RPO, on the other hand, is the amount of data accumulated over time that you can tolerate losing. Can your business afford to lose a day’s worth of data? If so, then your data must be backed up on a daily basis. A retail operation, like a supermarket, that logs hundreds or thousands of transactions a day may require several backups made during the course of the day.
“Business Continuity” (BC) extends the scope of preparation, plans, and resources past DR. Those two factors, RTO and RPO, figure into this as well.
BC’s goal is to ensure the business will be able to continue operating through crises and disasters. Accomplishing that requires going beyond the processes and equipment for restoring data and replacing equipment. Indeed, BC refers to making plans and preparing resources that, among other things, will prevent the loss of data. It refers to advance preparation in order to cope with the unexpected.

A good BC plan has:
  1. identified the most likely disaster scenarios and their impact on the business;
  2. determined the “mission-critical,” important, and less-important processes, systems, and services of the company;
  3. established its priorities for supporting the mission-critical components;
  4. developed and implemented the most redundant and fault-tolerant system possible within its budget;
  5. several alternate strategies
  6. taught and regularly practice the plan with its people; and
  7. the continuing support of senior management.
“Mission-critical” is tech-speak for the most important processes, systems, and services that a business must have in order to fulfill its mission. What is a mission? For a hospital, it could be the 24/7 availability of patient information.

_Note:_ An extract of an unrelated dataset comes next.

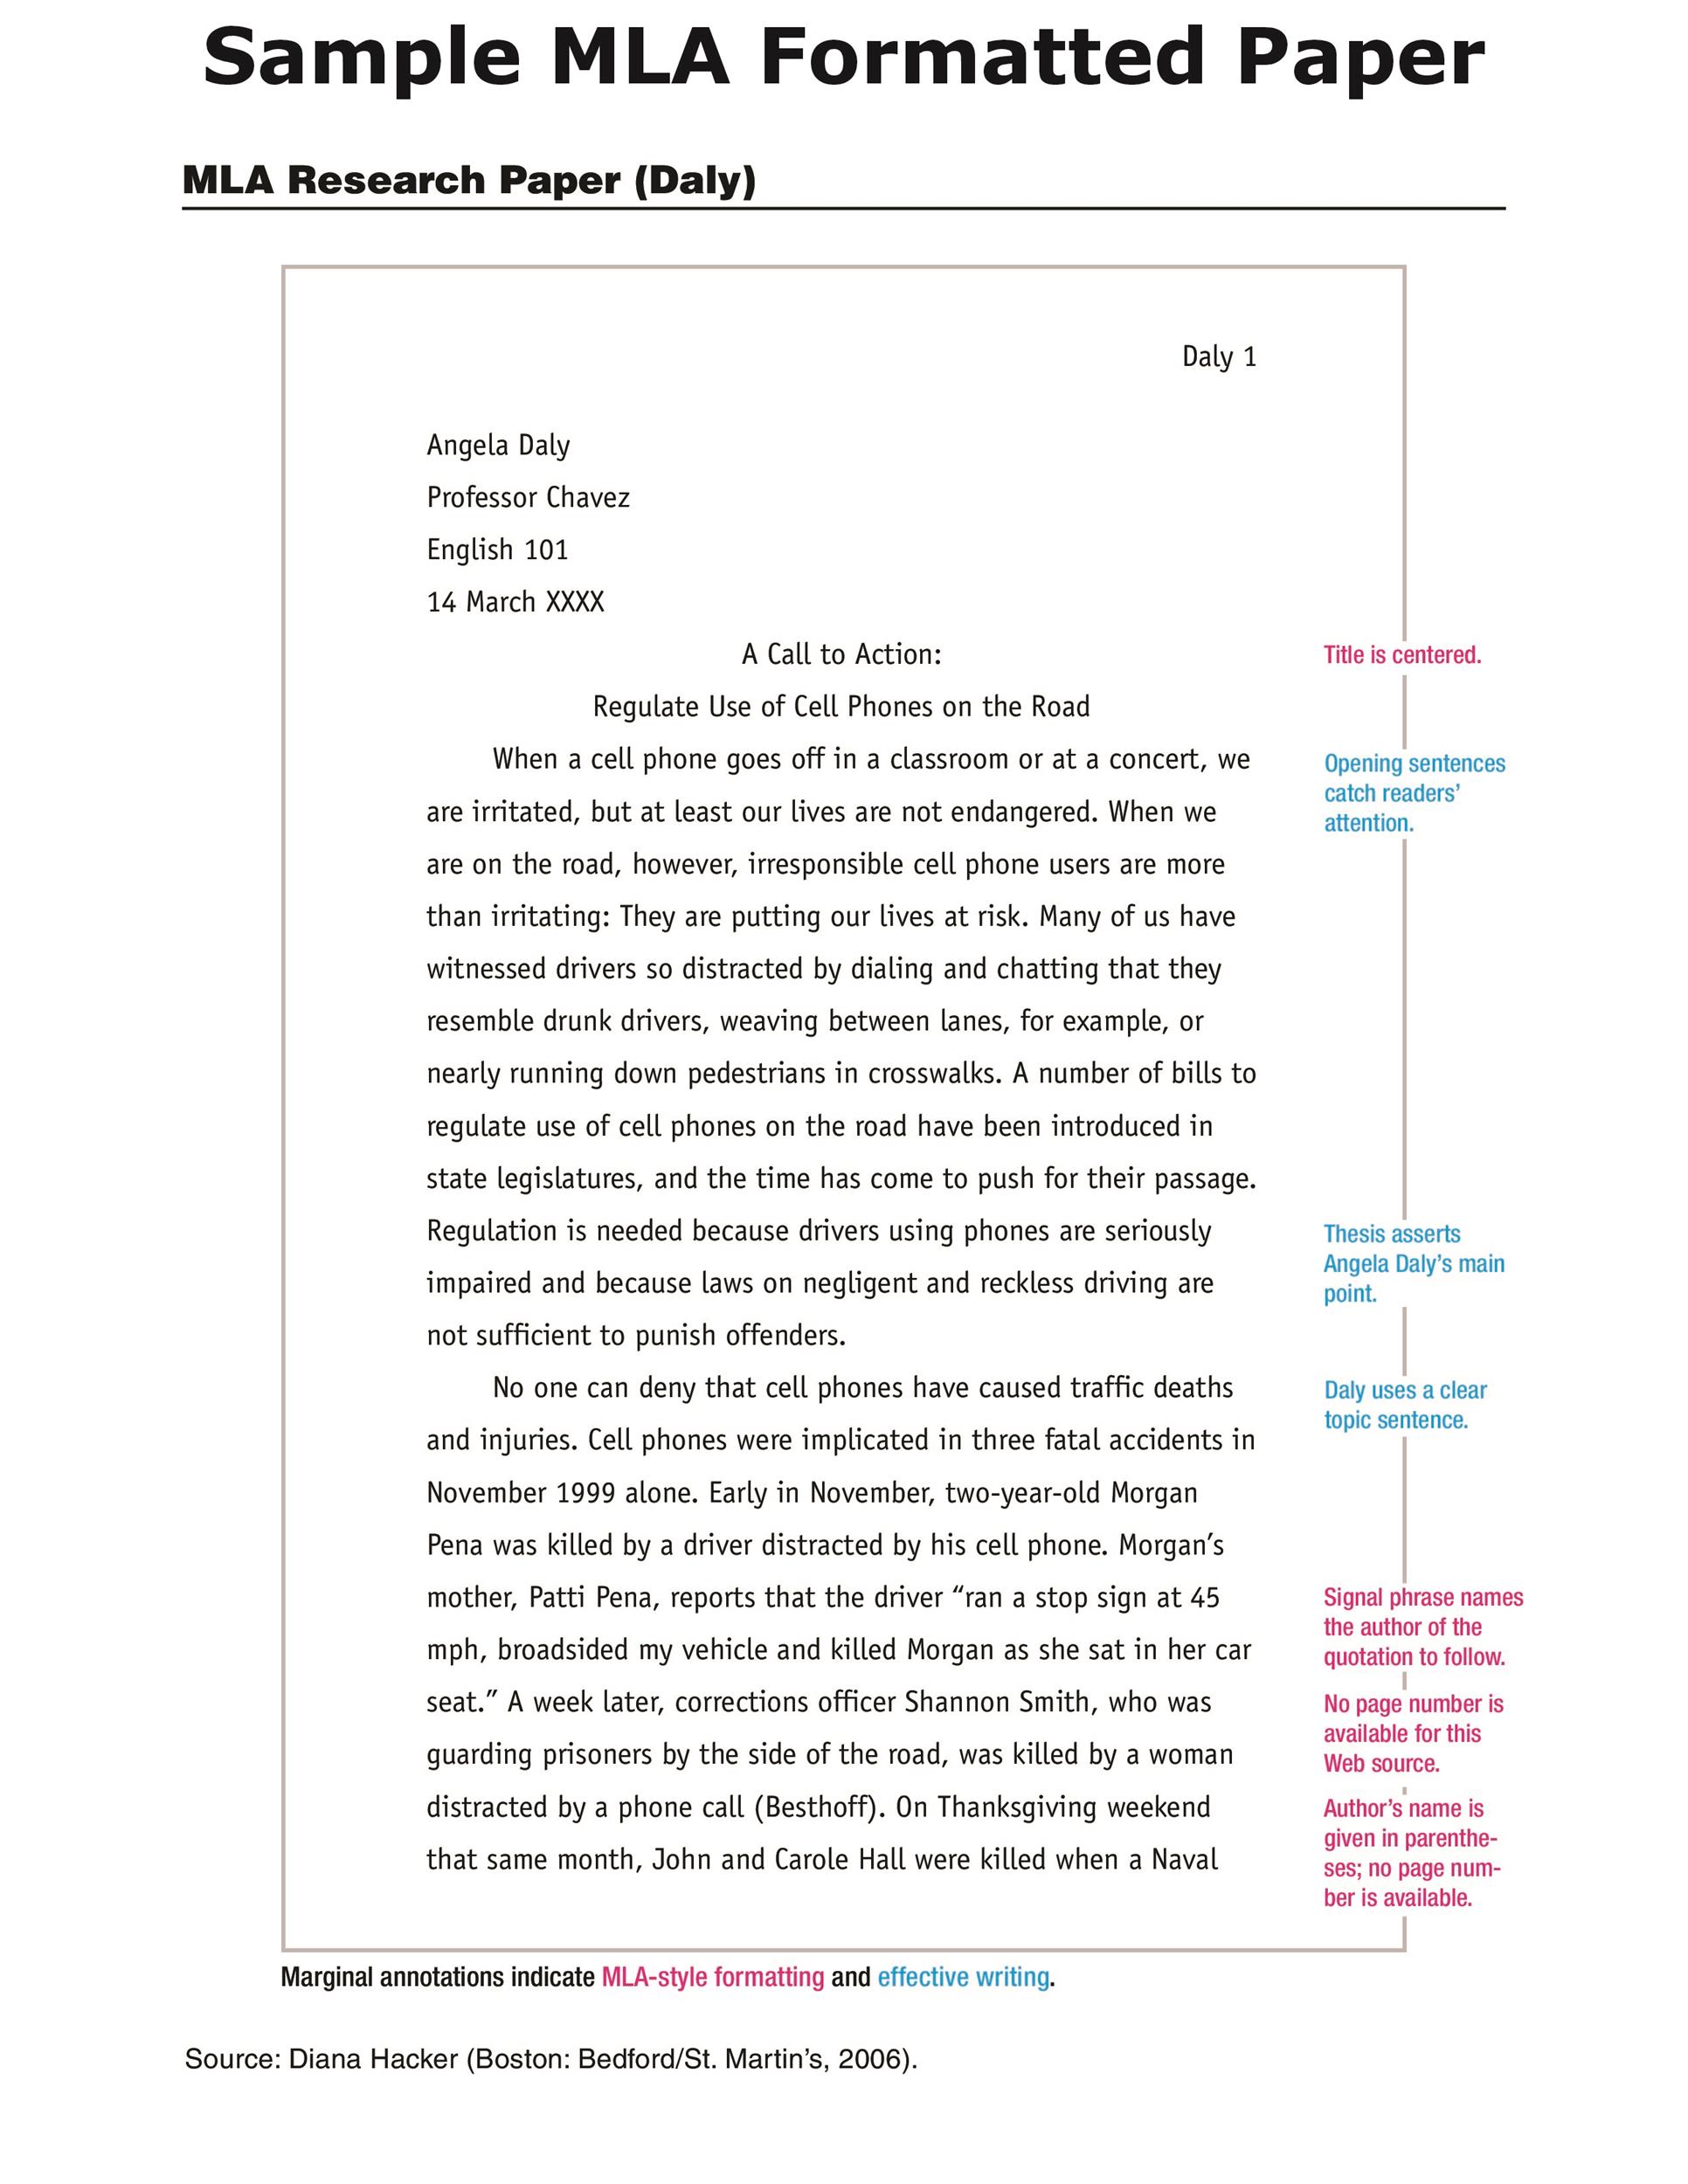 MLA Format for Academic Papers and Essays | Scientific Editing

“Redundant” is tech-speak for a backup that can temporarily take the place of a failed primary system.

“Fault-tolerant” is tech-speak for the characteristic of being able to withstand glitches.

Certain industries and companies require uninterrupted IT services. For them, BC is mandatory. The airline industry and financial institutions are examples. The financial sector, in fact, has to follow stringent guidelines for protecting and maintaining the security of its data. These companies must have minimal downtime. How minimal?
A calendar year has 8,760 hours. To give you an idea of the pressure to perform, consider that a 99.9% uptime is “only” equivalent to 8,751 hours.
Imagine the trouble a bank would face if it's nine non-operational hours occurred on the 15th. Employees would not receive their pay.
It turns out that a 99.99% uptime is required to stay operational 8,759 hours of the year! That’s still one hour short of the goal!
When the availability or integrity of data is compromised for any reason, businesses risk losing revenue and market share, experiencing decreased productivity, damaging their reputation, eroding their customers’ loyalty, and, in certain industries, being penalized for failing to comply with mandated regulations.

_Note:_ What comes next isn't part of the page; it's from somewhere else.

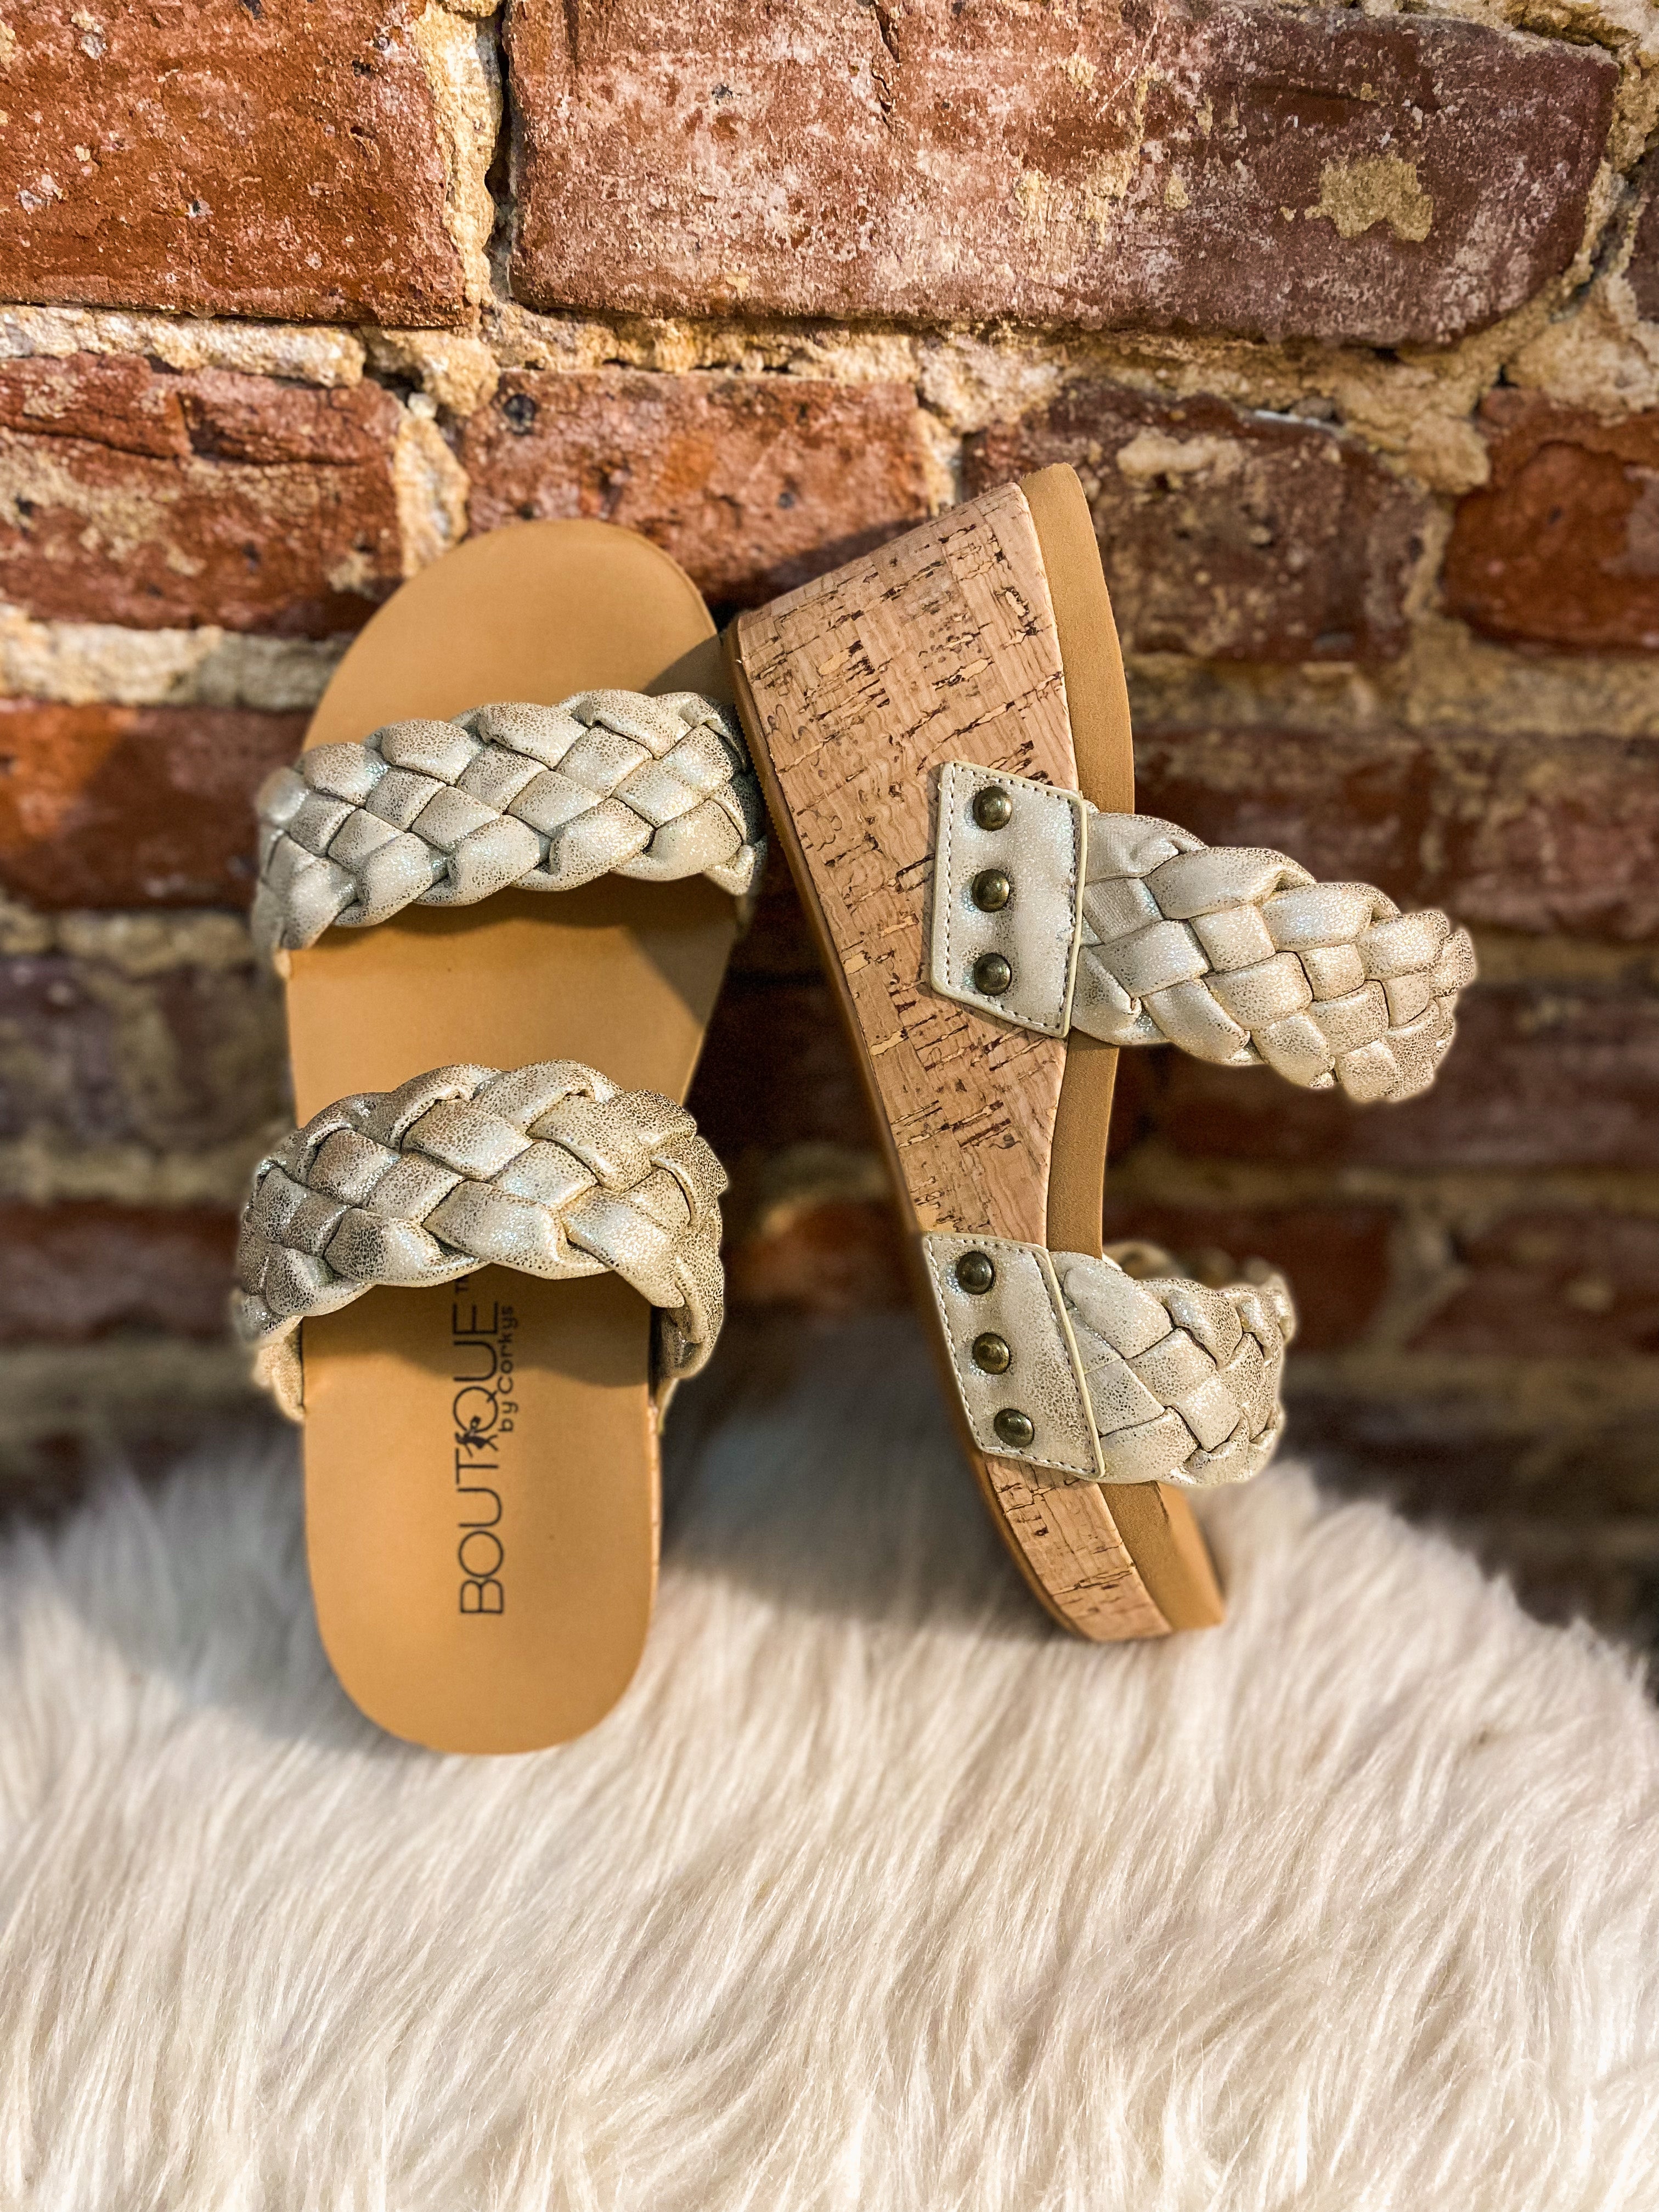 Delightful Gold Shimmer Braided Boutique by Corkys Wedge

I enjoy BC planning because it's an activity that can incorporate numerous improvements for a little or no additional cost. It's a rare opportunity to deliver a lot of added value beyond the client's initial expectations.

There are several ways to go with DR and BC. You can create it in-house or outsource some or all of its aspects.

I'll cover both but the next entry will focus on the offerings of two established players in the field of storage, DR, and BC. These are the two
I’m familiar with, EMC and NetApp.


Sphere: Related Content

Tuesday, July 17, 2007

BUSINESS CONTINUITY PLANNING

Planning takes four steps

It took a while but business continuity planning (BCP) has finally become visible on the radar screen of managers and owners of smaller businesses (< $100 million sales). It’s about time too. The state of the world today is far more volatile than it was a mere eight years ago. Nine 11 did change everything.

Every organization should plan for its continued existence in the event of a major disruption. How will it continue to operate if its operation—and existence—is disrupted by any number of natural or man-made disasters?

The practice of Business Continuity Planning (BCP) has evolved into a recognized field. Job titles that carry or imply this area now exist. Practitioners can join any number of reputable associations that promote this field. Several recognized certifications can now be earned as well.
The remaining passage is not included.